Об этом Ракшаю рассказал ведун. Вообще, Санькино обучение состояло из прослушивания устного народного творчества. Санька обычно говорил: «Ну, рассказывай свои сказки, легенды, тосты…», и шаман заунывным голосом начинал низвергать на ученика поток непонятных словосочетаний.
Санька и простую речь селян с трудом понимал, а стародавнюю тем паче. Мокша с Лёксой давали поблажку сыну, предполагая, что живёт он с медведями, потому и путается. А на самом деле Саньке мешало предыдущее прошлое знание русского языка.
Малолетний разум постепенно впитывал понимание речи, но селяне удивлялись непонятным словам, нет, да и выскакивающим у Саньки.
– Оверштаг! – Крикнул Санька.
Он сам себе удивлялся. Совсем не морской, если не считать, что родился и учился во Владивостоке, он вдруг к месту вспоминал «морские» словечки и даже судовые термины.

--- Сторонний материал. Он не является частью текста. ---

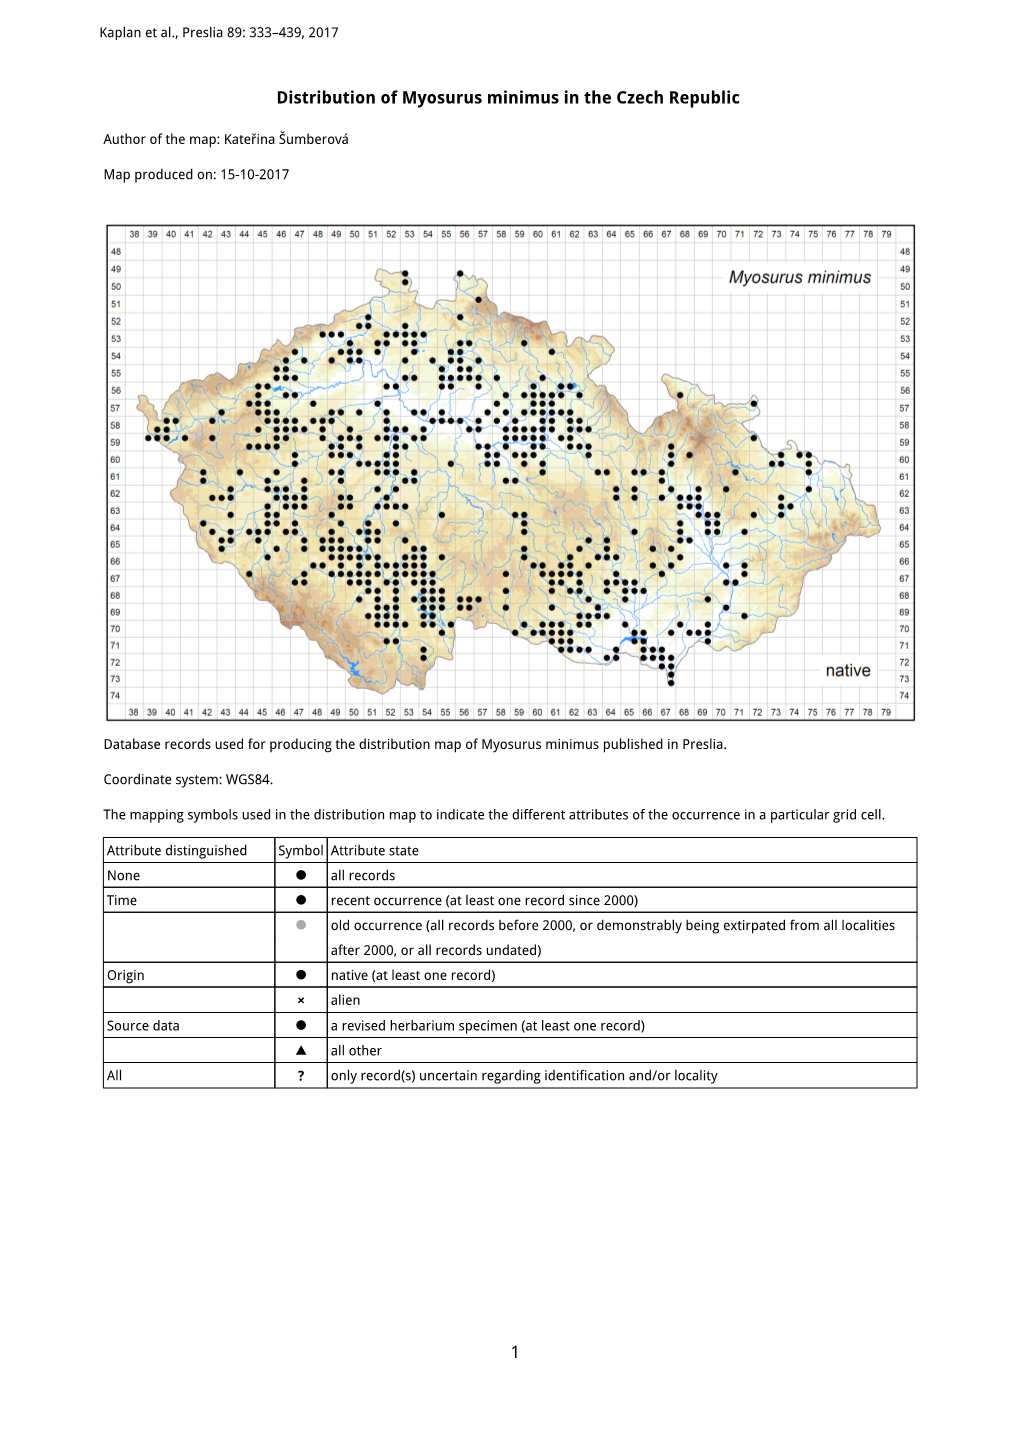 1 Distribution of Myosurus Minimus in the Czech Republic

Мокша плавно выведя буер под ветер чуть резче дернул руль, и гик перевалился на другой борт. Буер встал на правый конёк и Санька вынужден был выдвинуть направо страховочный брус. Брус упёрся в лёд, конструкция заскрипела, но выдержала.
– Мокша! Ёшкин дрын! – Крикнул Санька весело. – Держи киль ровнее!
Он хотел сказать «руль», но и так получилось очень по-морскому. Саньке нравилось их путешествие. Они переночевали лишь однажды и то, лишь для того, чтобы не приезжать в Сарант в ночь. Переночевали почти с комфортом. Три кресла опускали спинки, а заднее ещё и выдвигалось вперёд, и становились удобными лежанками для троих. Укрывшись мехами, ночевалось ладно.
Городок стоял на левом берегу Саранта и левом берегу Дона. Стоял полдень и вышедшие на лёд постирухи ошеломлённо бросили стирку и заголосили на разные лады, размахивая красными от мороза руками. Тут же, откуда не возьмись, набежали ребятишки.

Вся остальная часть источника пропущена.